Charles also commended the government for recently spearheading the Civil Asset Recovery and Management and Unexplained Wealth Bill. The legislation, he said, speaks to a government that is serious about the eradication of corruption and one that is willing to not only talk but to walk the talk.

“I must also commend the efforts of the FIU.  So let me take this opportunity to congratulate you also on the systems you have put in place, which have already resulted in a 25 per cent increase in the number of suspicious transaction/activity reports, where you moved from 877 reports in 2017 to 1,100 in 2018 and an overall increase from 2013-2018, moving from 554 to 1,100 respectively.
“Your determination to ensure that non-regulated financial institutions are connected to the FIU is noteworthy.  Even more commendable is your increase to 2,756 of supervised entities, which include a wide spectrum of non-regulated financial institutions, professionals and business sectors,” he said. The Chief Secretary noted the FIU could not do it on its own.

“It requires a commitment from all levels of society, government and non-government, working alongside them, to stamp out these two evils. It requires dialogue and after the talk, a willingness to contribute and act.

“I was pleased to see that you, the FIU, are now authorised to conduct a compliance examination with the execution of a warrant by the TT Police Service, where consent to enter the business has been denied, in pursuant to the Miscellaneous Provisions Act No. 2 of 2018.  I believe that it is a step in the right direction and once again it shows this Government’s commitment to stamping out corruption.”

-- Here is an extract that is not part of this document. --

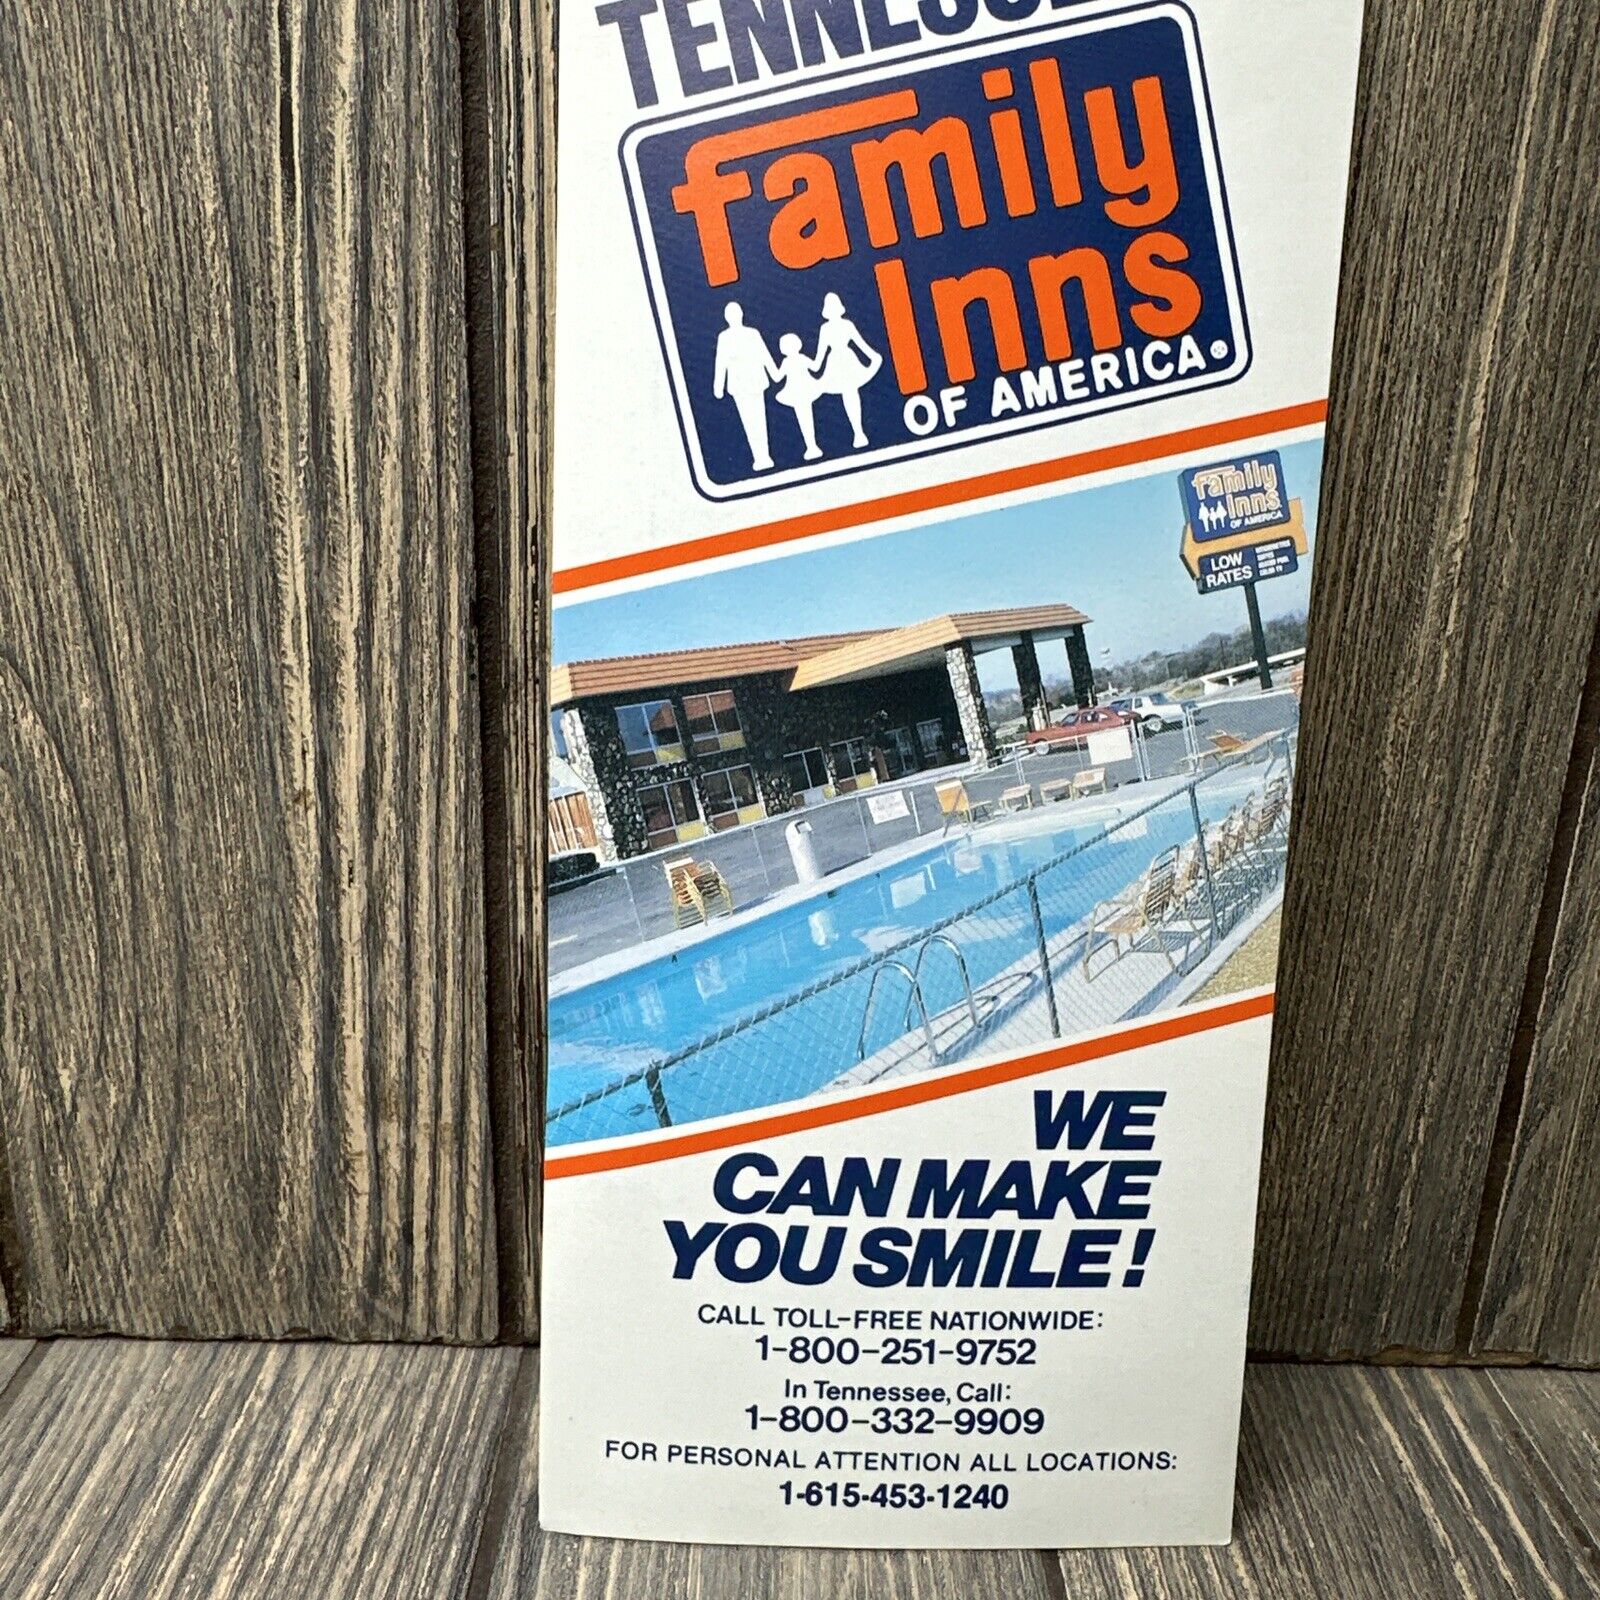 Vintage Tennessee Family Inn's of America Pigeon Forge Brochure

This story was originally published with the title "Chief Secretary challenges FIU" and has been adjusted to include additional details. See original post below.


The Fi­nan­cial In­tel­li­gence Unit (FIU) on Monday held its 9th An­nu­al An­ti-Mon­ey Laun­der­ing (AML) and Counter Fi­nanc­ing of Ter­ror­ism (CFT) Com­pli­ance Con­fer­ence for in­di­vid­u­als and busi­ness­es.

The event was held at the Magdalena Grand Beach and Golf Re­sort in Low­lands, Tobago under the theme: “Combatting ML and TF in TT: Where are we now?”

Addressing those gathered, Kelvin Charles, Tobago House of Assembly (THA) Chief Secretary and Secretary of Education, Innovation and Energy, used the opportunity to challenge the FIU to consider partnering with the assembly’s Financial Literacy Secretariat to introduce information about money laundering and counter-financing of terrorism to high-school students and school leavers.

Charles said he is believes if change is to be truly experienced, the minds of the citizenry from an earlier age needs to be captured.